Ela e ele encontram-se no escritório de uma empresa de Barcelona. Ela é herdeira de uma fábrica de calçado em Barcelona, ele é um aparente vulgar escriturário. Ela acaba de tomar em mãos a gestão entregue pela mãe (que agora quer viajar), ele foi incumbido por esta de escrever a história daquela empresa familiar. E aquilo a que se assiste em O Tempo, peça inédita da autora catalã Lluïsa Cunillé levada à cena pelos Artistas Unidos, no Teatro da Politécnica (Lisboa), até 12 de Dezembro, nos vários encontros entre os dois espalhados ao longo de seis anos, é não tanto o retrato de uma relação a dois mas antes, como o destaca o encenador Jorge Silva Melo, “a transformação da burguesia republicana de Barcelona”.

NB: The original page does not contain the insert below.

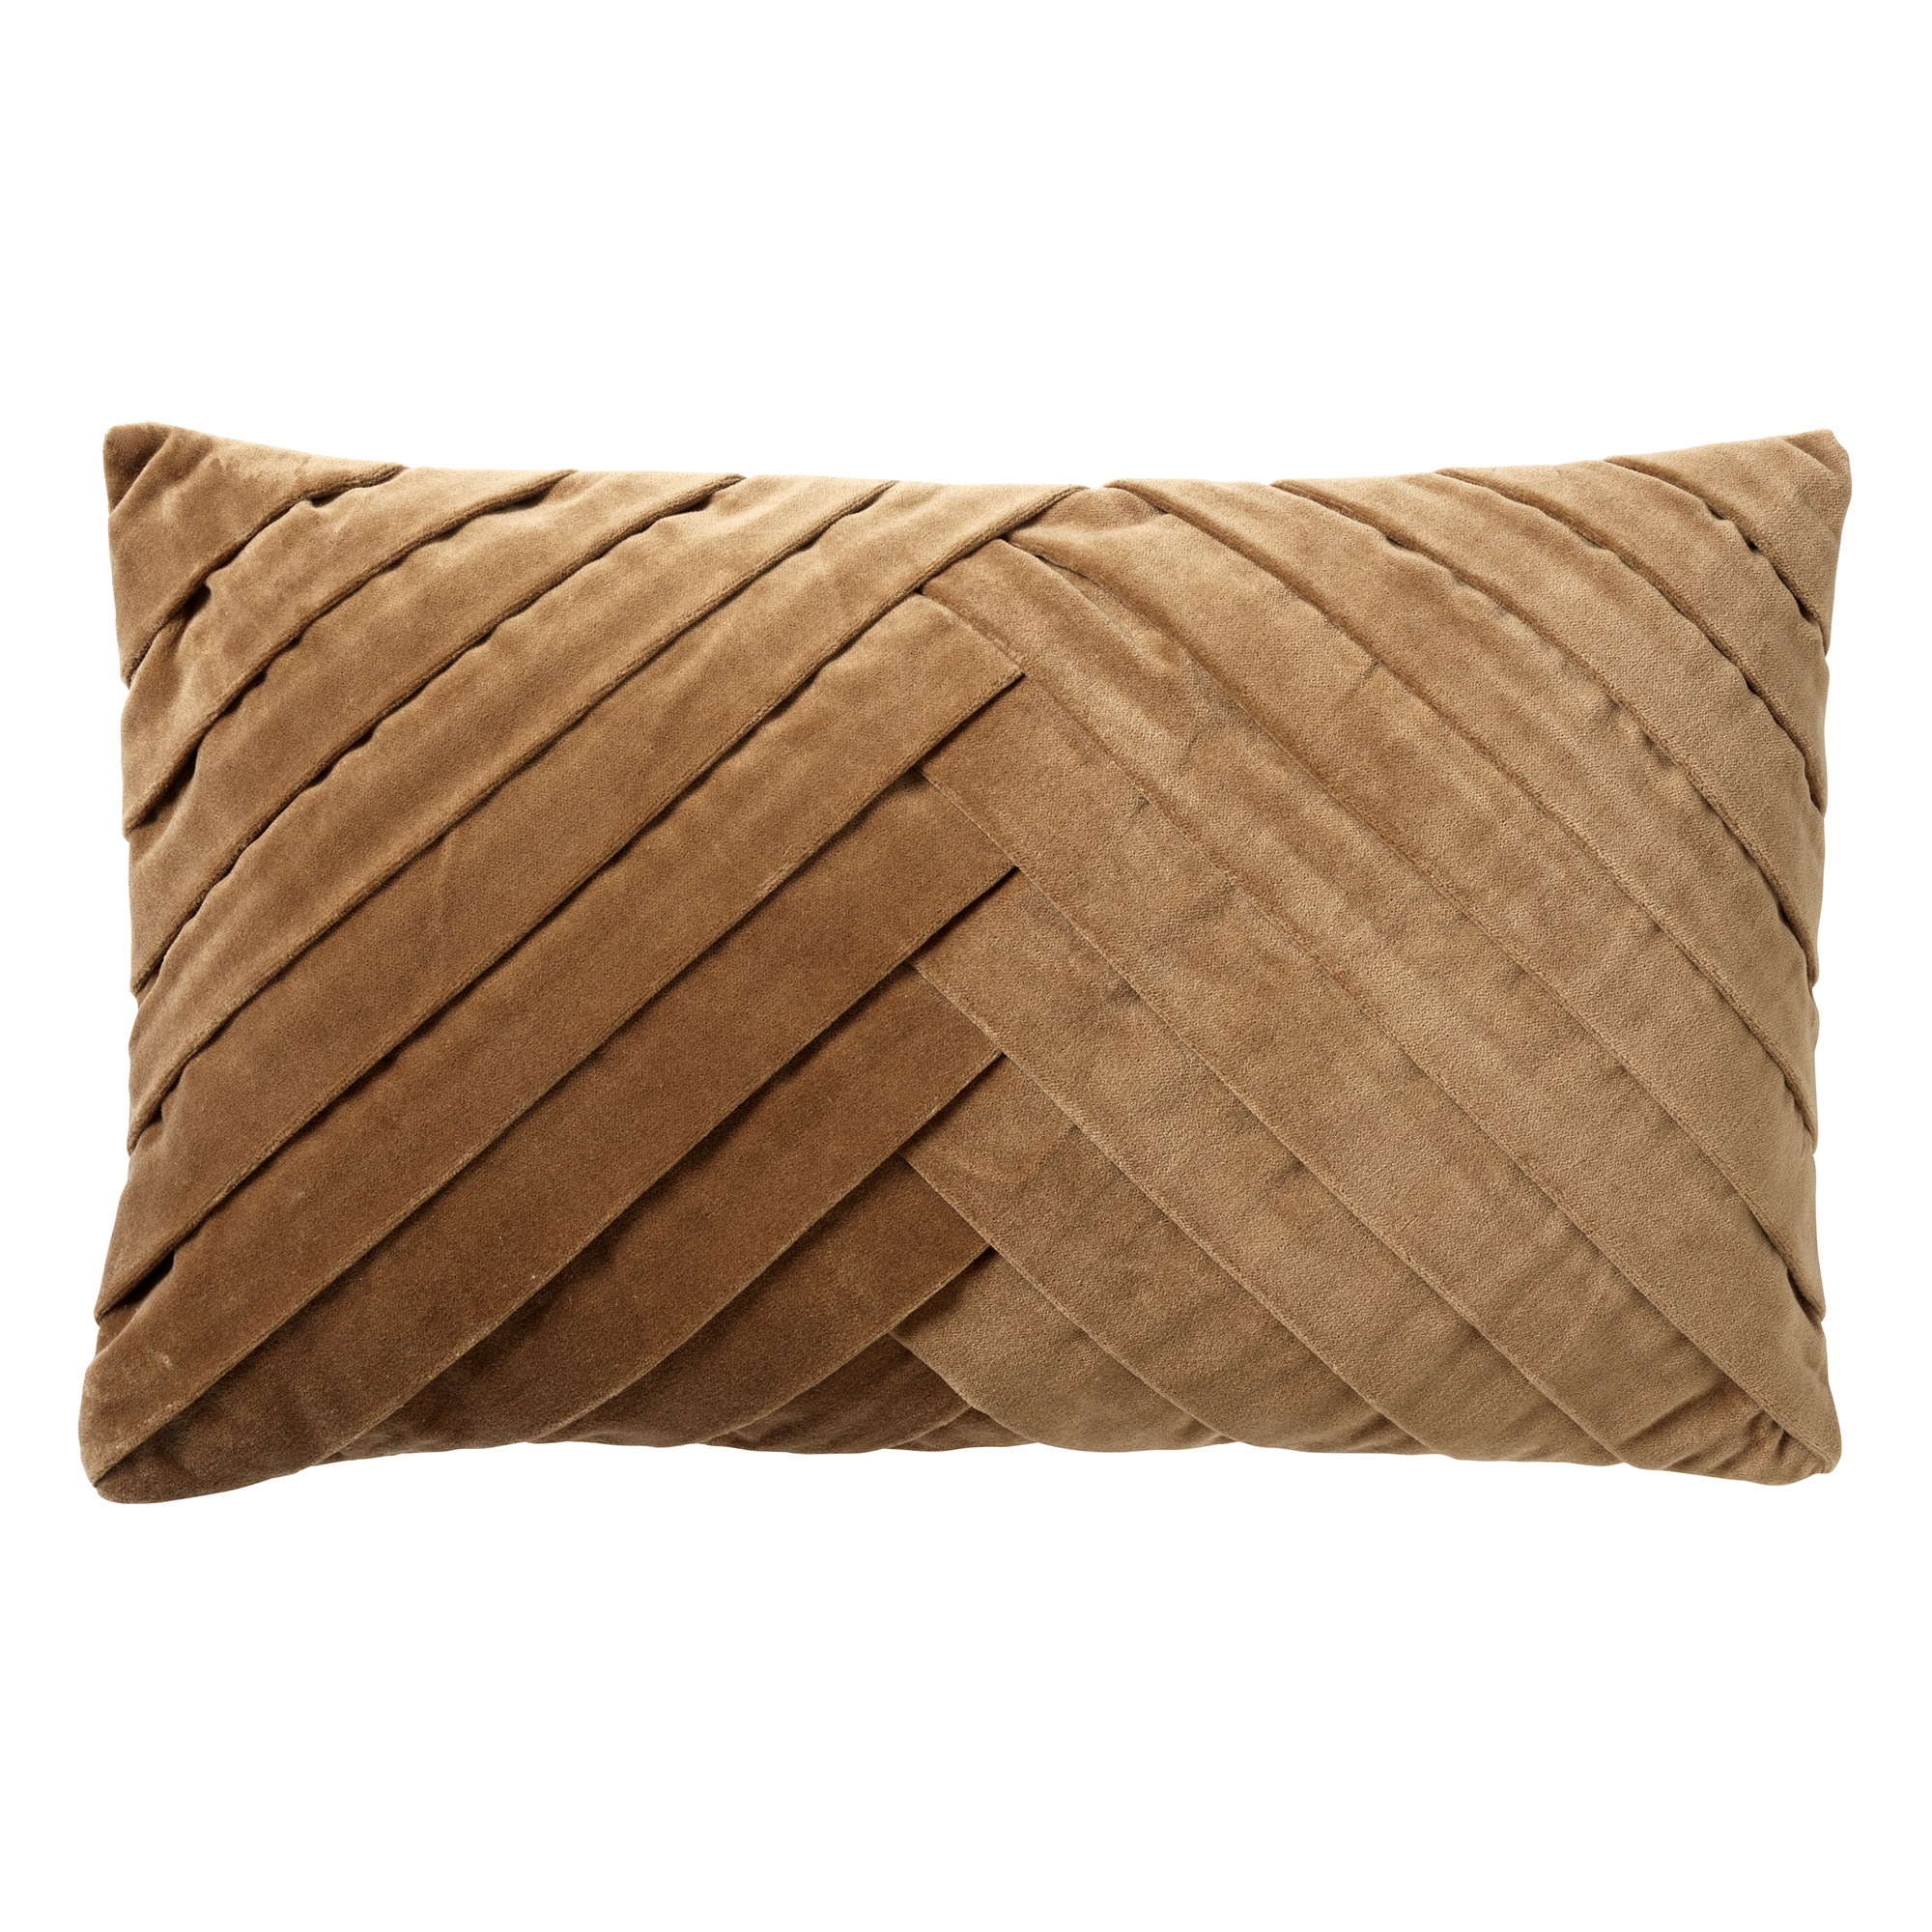 FEMM - Cushion cover 30x50 cm Tobacco Brown - brown

Desde logo porque ela, jovem moça criada com o conforto dos proventos financeiros da empresa, criada a apurar os dotes de pianista ocasional, é roubada ao conforto doméstico e obrigada a suspender uma vida quase etérea, para arregaçar as mangas e se entregar a um futuro para o qual não foi preparada. Tão pouco preparada, de facto, que não fala sequer os rudimentos de francês para comunicar com os clientes marroquinos (sinal dos tempos de uma Catalunha desligada do país vizinho). Tanto assim que, como quem reconhece – não sem uma nota de melancolia – o fosso geracional que a separa da sua antecessora, declara: “Eu chamo-lhe empresa e a minha mãe chama-lhe fábrica.” Para ela aquele era um lugar de onde saía dinheiro. Para a mãe era um lugar de onde saíam sapatos.

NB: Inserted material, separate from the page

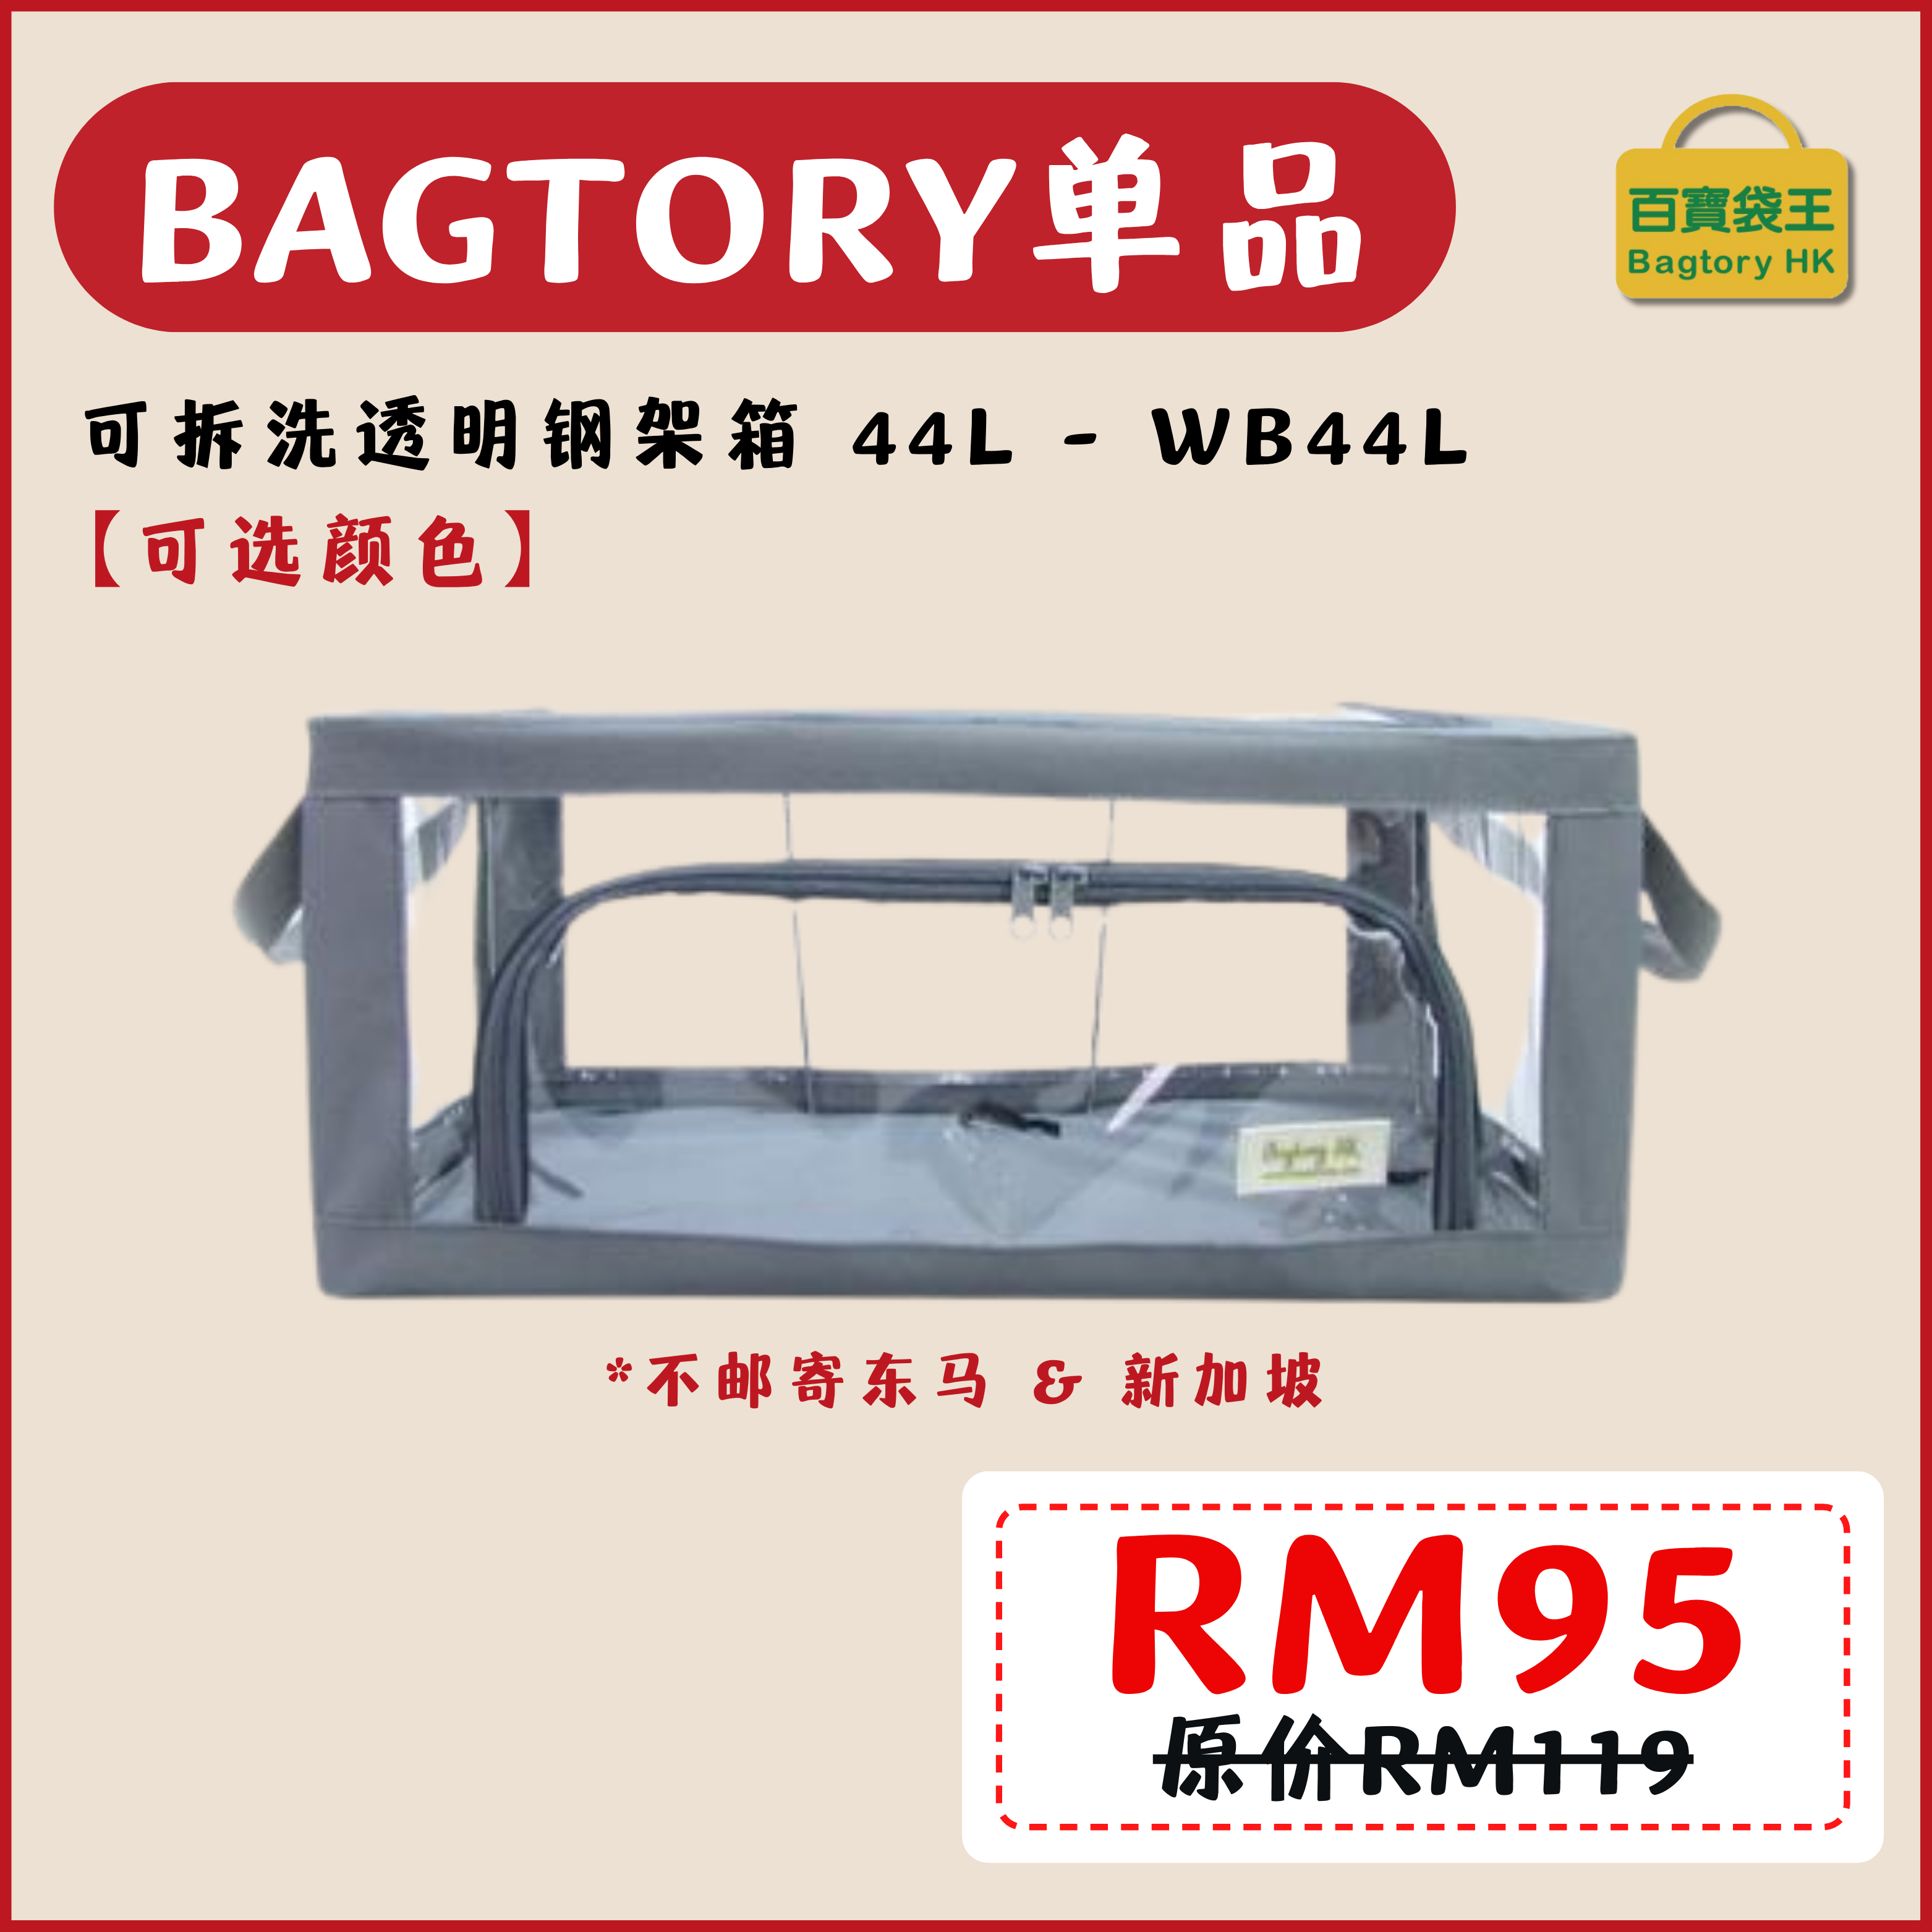 2702【不邮寄东马和新加坡地区】BAGTORY WB44L 可拆洗透明钢架箱 44L (1入)

No curto período da vida das duas personagens que Lluïsa Cunillé nos dá a ver, acompanha-se igualmente o processo de gentrificação de Barcelona, com o abandono da fábrica do centro da cidade para a periferia e, mais tarde, para um complexo industrial mais longínquo. É também na periferia da cidade catalã que vive Cunillé, “uma pessoa muito, muito reservada, uma espécie de Greta Garbo”, descreve Silva Melo, de onde pouco sai – a não ser para circular no último autocarro da noite, em busca das pessoas solitárias que lhe abastecem a escrita, quando se põe a imaginar o que lhes terá acontecido durante o dia.

Grandes decisões

O Tempo – com que a autora venceu o Prémio Born 2011 para melhor peça de teatro escrita – não esconde a matéria a que mais afincadamente se dedica. É a passagem do tempo, pouco usual como centro da escrita dramática, e o lastro de deterioração que vai deixando atrás de si que interessa a Lluïsa Cunillé. A ruína iminente da empresa a que ela (interpretada por Rita Brütt) se dedica é também a sua própria ruína pessoal, afastada da família, vergada por um fardo profissional que não escolheu, a que corresponde, de alguma maneira, a queda dele (Américo Silva), a falência do seu casamento, os planos de tomar conta de uma loja de “artigos para presentes” para salvar o filho do desemprego.

Quando ela o procura é a história da empresa que quer deslindar, recorrer à memória dele, porque a mãe nunca lhe falou aprofundadamente do quotidiano dentro daquelas paredes. O que não sabe, ainda, é que ele é não um contabilista como se adivinharia, mas um “pequeno escrivão anotador da vida”, como lhe chama Silva Melo, encarregado de escrever as memórias da fábrica. Como se, antecipadamente, vaticinasse o seu fim – da mesma maneira que Cunillé, através das duas personagens, vai também descrevendo o fim desta burguesia.

Nestes encontros entre duas figuras tchekhovianas – “poderiam ser personagens de O Tio Vânia”, argumenta o encenador –, “vamos vendo um mapa das sombras de Barcelona, da burguesia que foi anarquista, republicana, rica e musical”. E à medida que isso se desfaz, percebe-se também que o memorialismo de que o escriturário é guardião se esboroa igualmente, revelando-se inútil. A memória de pouco vale, não é preservada e afunda-se com celeridade na maior irrelevância. Na verdade, é essa passagem do tempo, inclemente e arrasadora, que Cunillé parece contemplar. Não apenas nos corpos e em vidas reclamadas por sacrifícios pessoais, mas também nas cidades e na terraplanagem da sua história. A memória parece, na verdade, cada vez mais curta. Ela tem de anotar tudo; ambos perguntam constantemente “quem?”, como se só o aqui e agora tivesse sentido e fosse entendível.

Na última morada da fábrica, as janelas dão para um parque automóvel com uma paisagem indistinta, os carros todos iguais. Ela, com 32 anos, está então perante o momento das grandes decisões, o momento a partir do qual o curso da sua vida já não poderá ser corrigido. E sai de cena, acredita Silva Melo, como se entrasse no sepulcro. Não por a sua vida ter de facto terminado, mas talvez por ter matado as suas hipóteses de escolha e cedido em definitivo à impotência.